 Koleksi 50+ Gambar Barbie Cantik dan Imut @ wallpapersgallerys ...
==
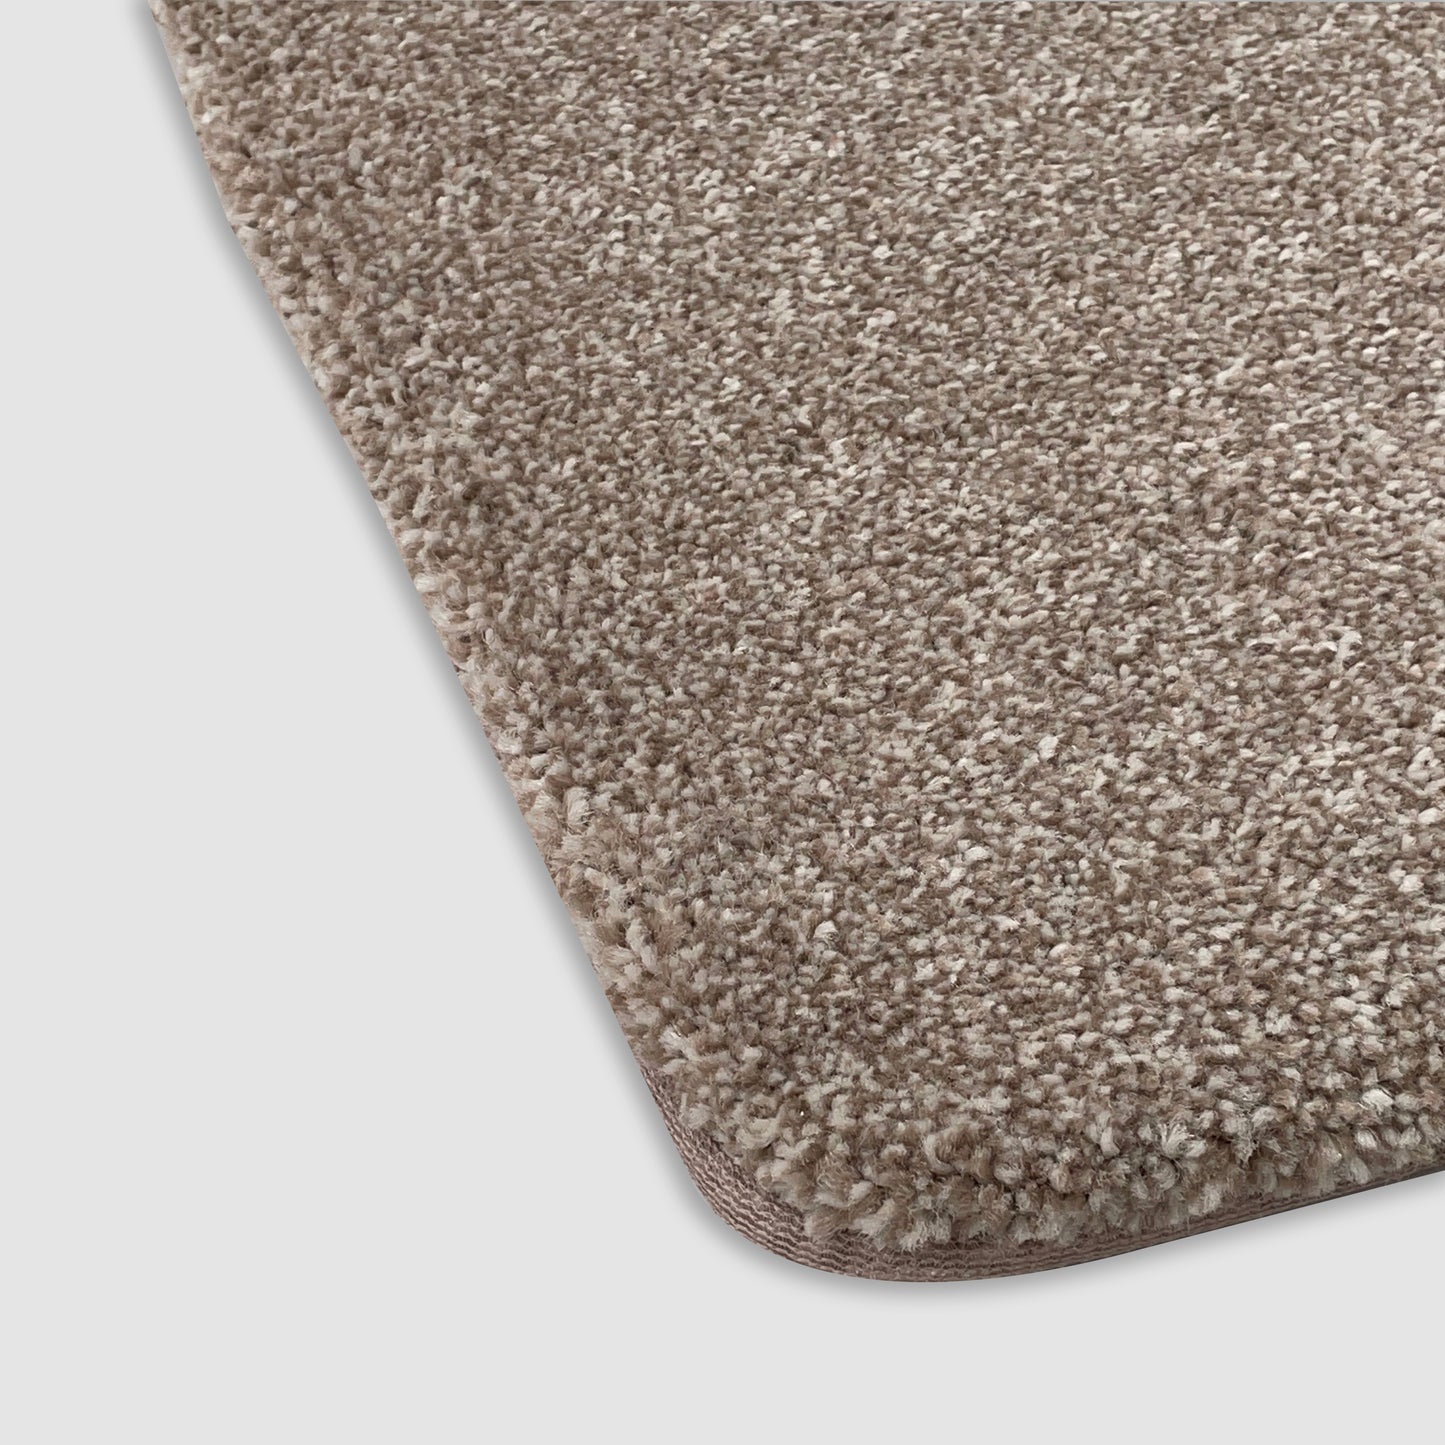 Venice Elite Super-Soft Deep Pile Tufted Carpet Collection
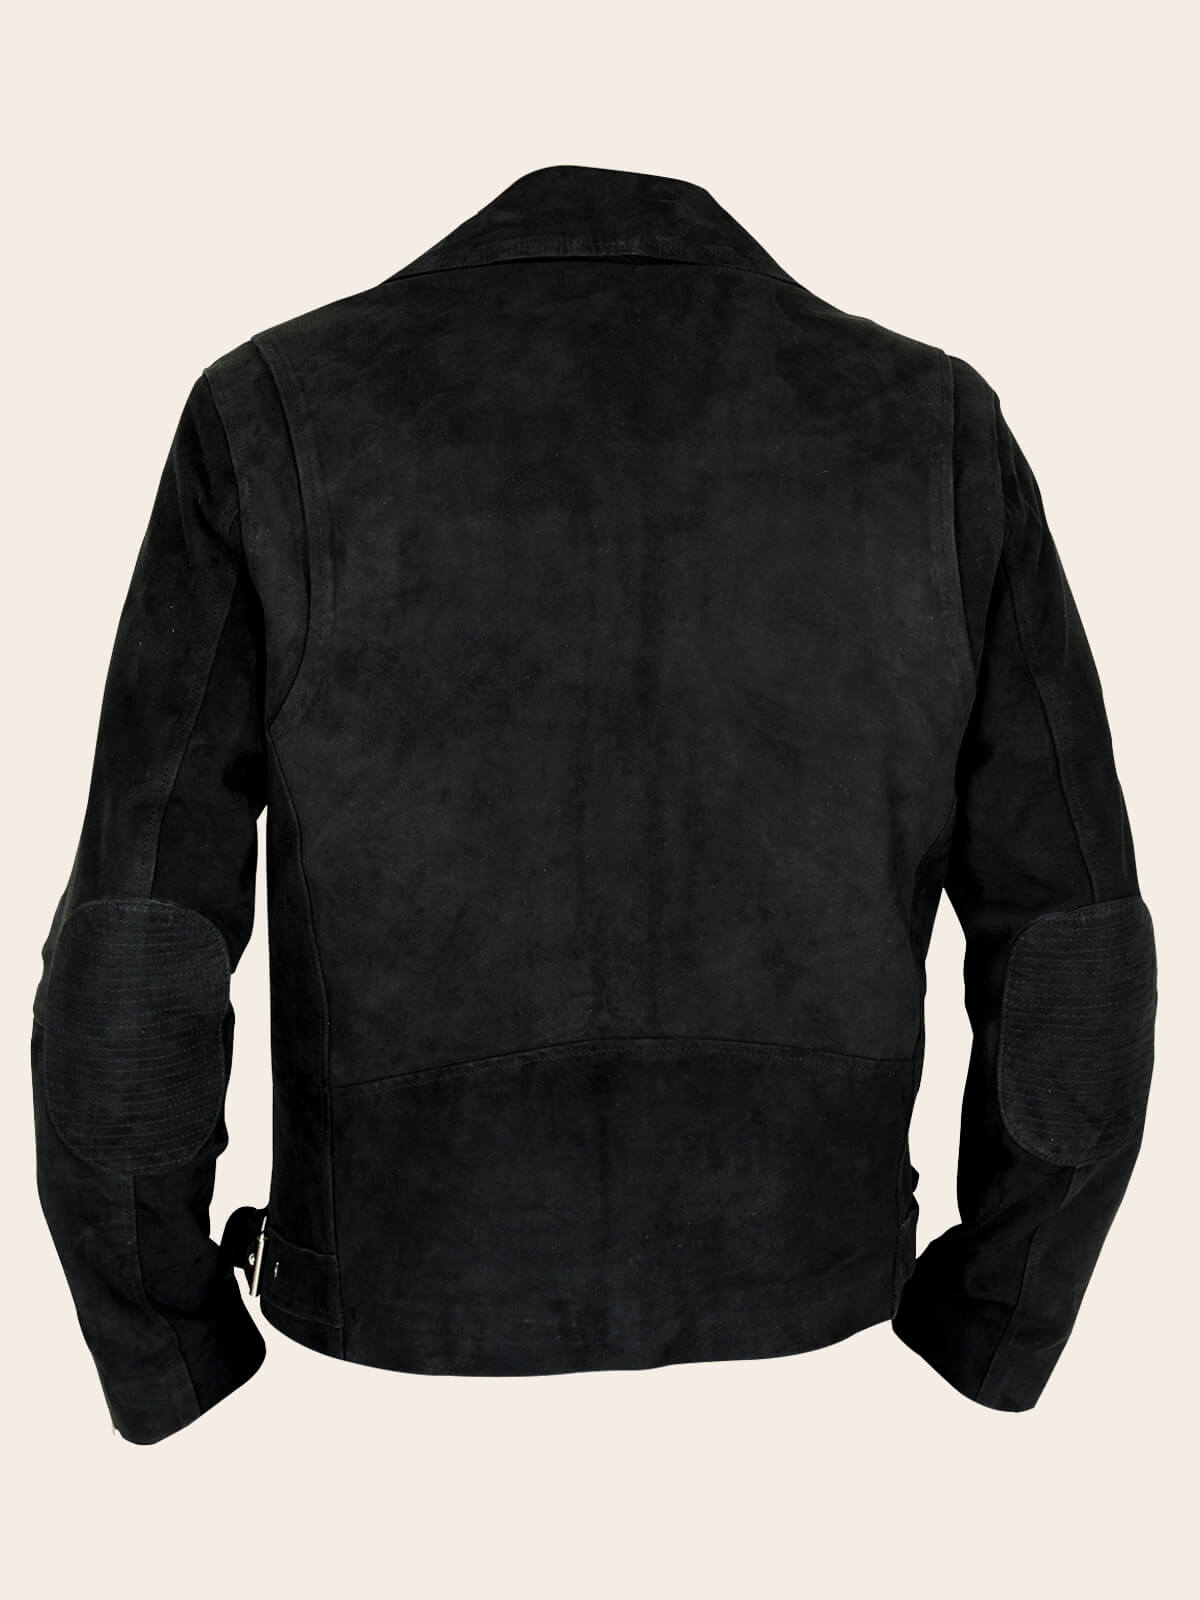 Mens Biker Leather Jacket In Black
--
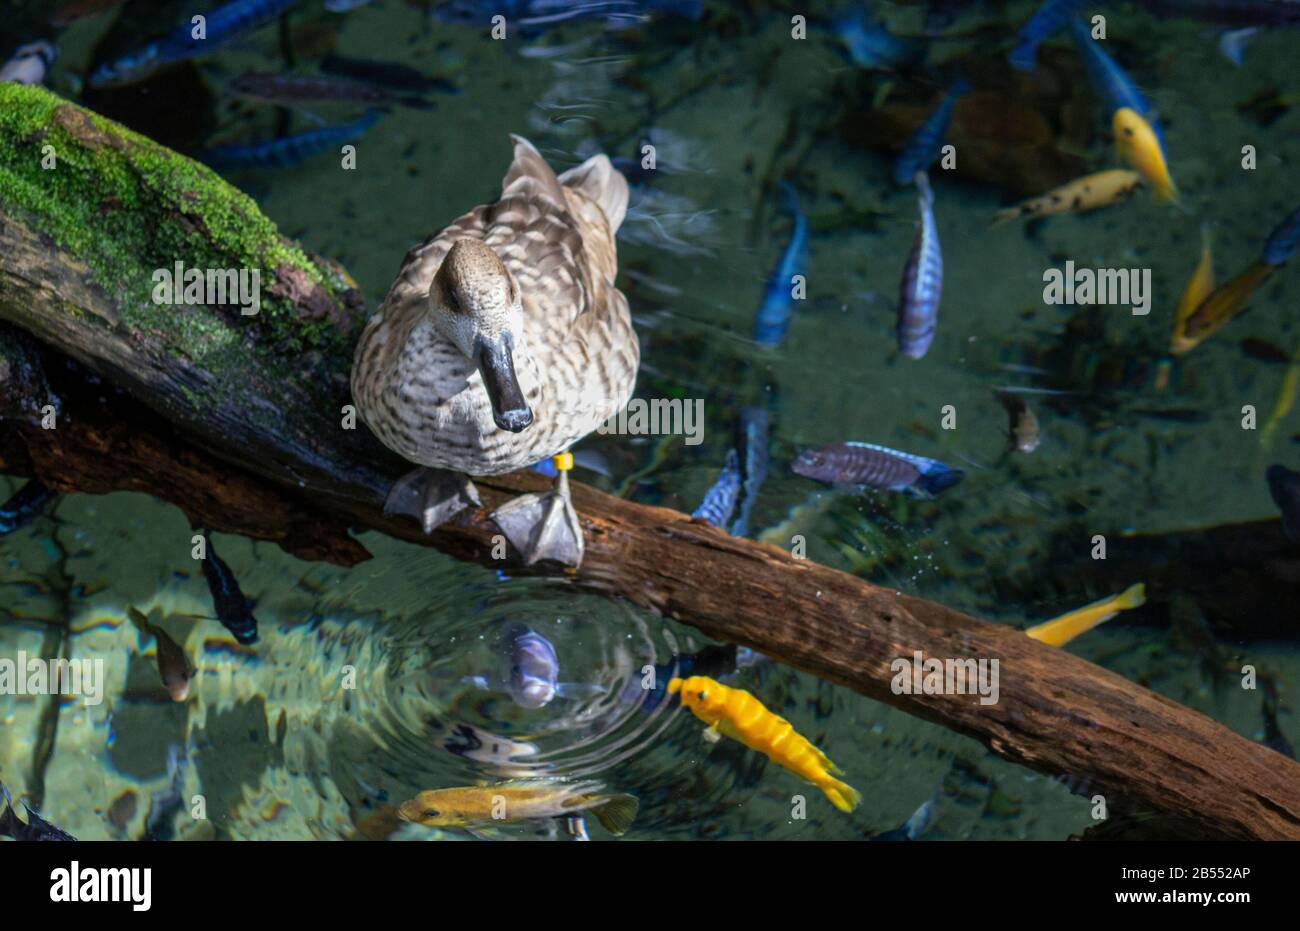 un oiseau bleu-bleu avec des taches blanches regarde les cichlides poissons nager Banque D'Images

_What you will do_: Every line from the one with "Venice Elite Super-Soft" through the one with "Mens Biker Leather Jacket In Black" is to be reproduced exactly as written above, and the pictures are to be dropped.

_Task solution_:
 Venice Elite Super-Soft Deep Pile Tufted Carpet Collection
 Mens Biker Leather Jacket In Black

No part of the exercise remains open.